Tuesday, January 3, 2012

Real Work


I just got off a plane where a baby was literally howling for three hours straight. The connector from Denver to Lincoln should have only taken an hour and forty, but some troublesome air, and we doubled our flight time.

It gave me more time to think.

I always need more time to think.

I probably need less time to think.

Today, work was the main topic chasing itself around inside my brains. Not my work per se, not my employment, but the big, theoretical WORK work. I’m sitting there watching all of the screens in the plane. I suddenly get totally creeped out by how many screens there are. It felt very sci-borg grossy to me: this is the matrix, and we are all plugged into it. 

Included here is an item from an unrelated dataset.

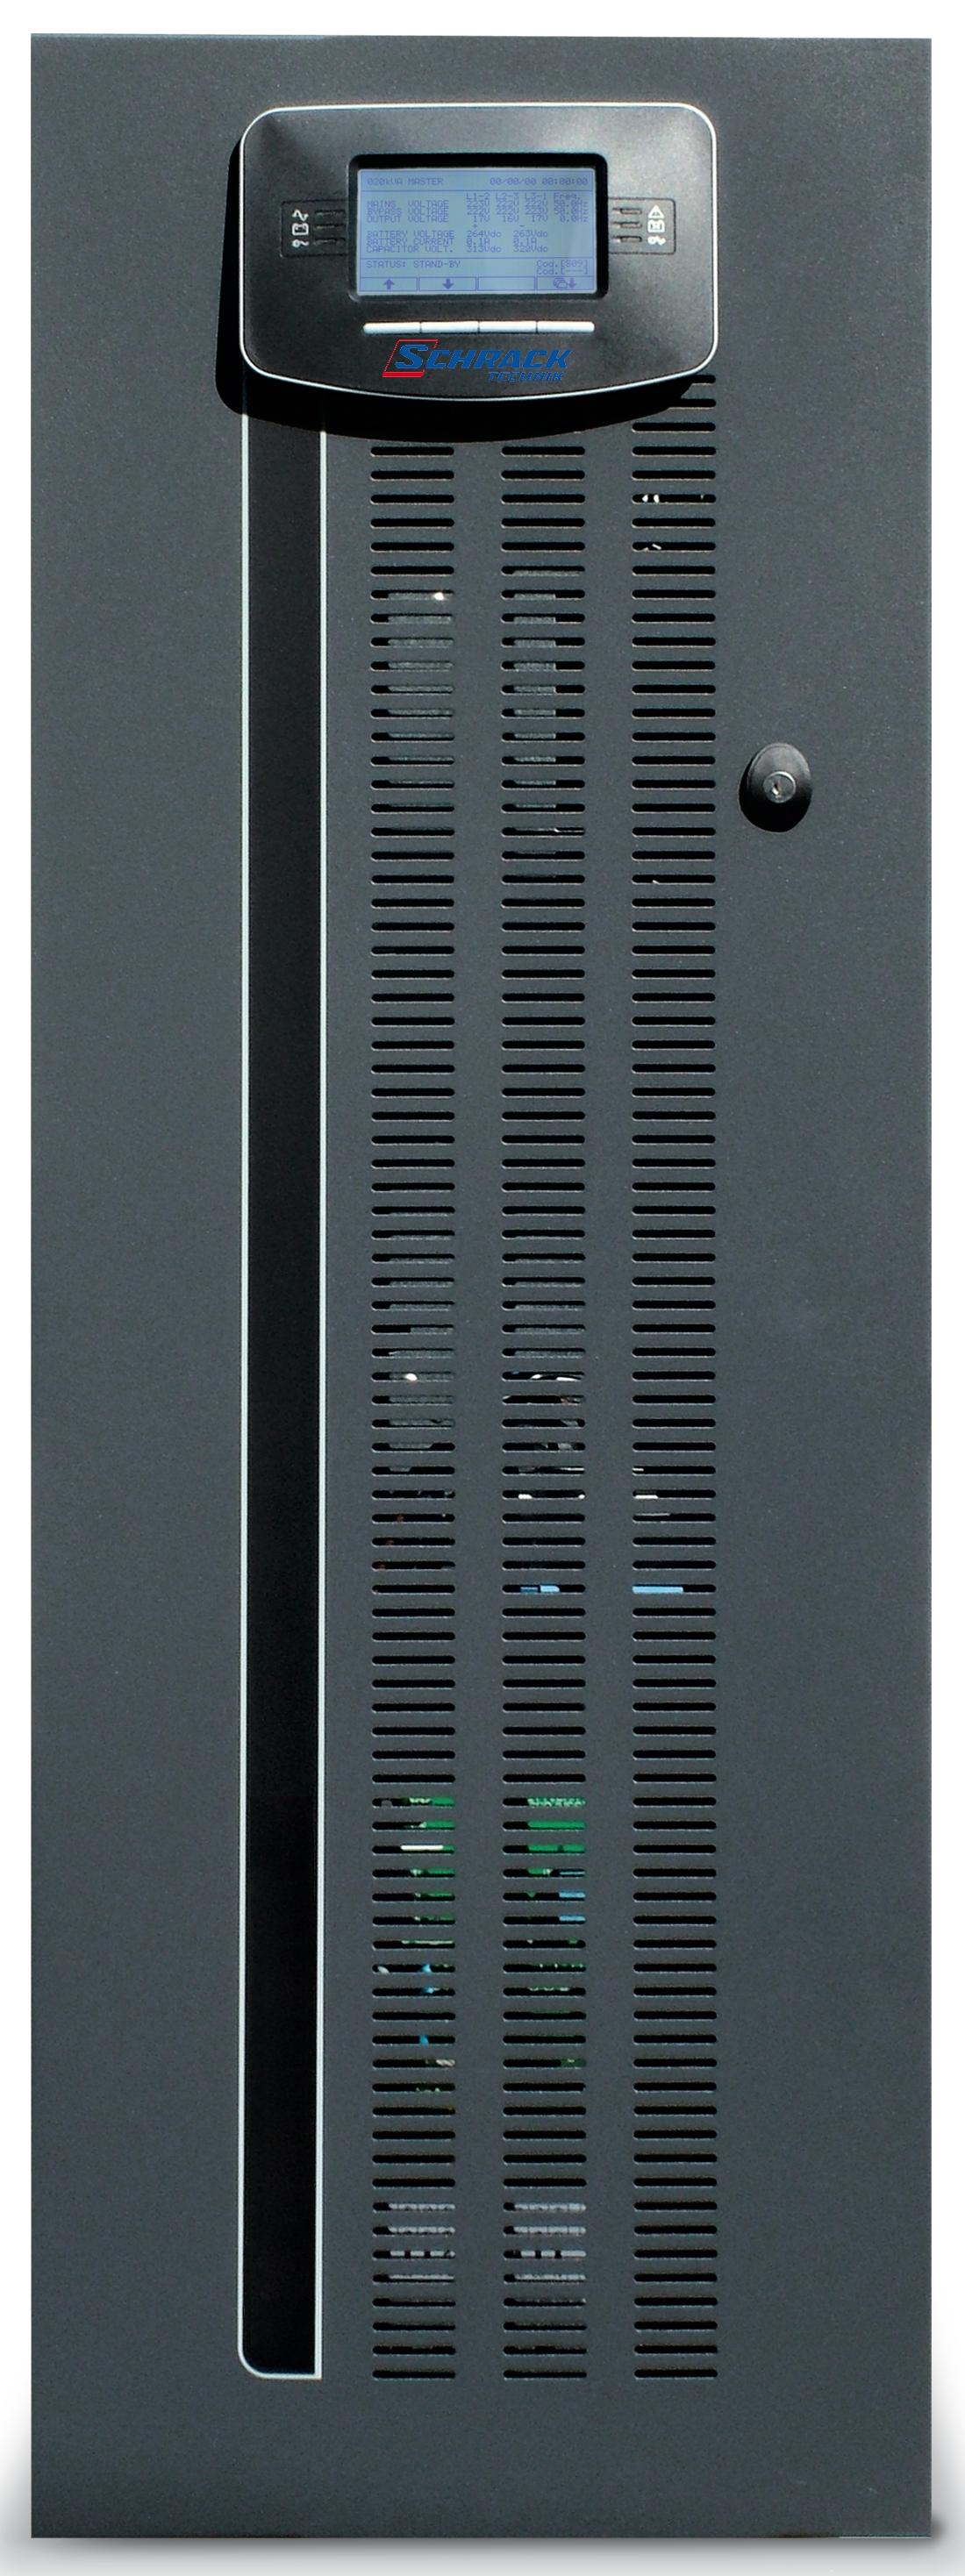 1 Stk USV AVARA Multi 12kVA 10,8kW 23Min.3ph/3ph /Online USMLT12XM1

Every seat-back has a screen embedded, and they are a one foot distance away from the face of every human being in the plane’s womb. One is given a crumb of control in the armrest that seemingly allows volume change. What a pitiful modicum of dominion, paltry pretension of stewardship. The screens are all playing the same thing, in-synch with one another. Mine is graciously malfunctioning, and so is the only blank screen in the place (what luck).

The scene is an extended five-minute commercial for a line of luxury vehicles. Because that’s obviously what we need. 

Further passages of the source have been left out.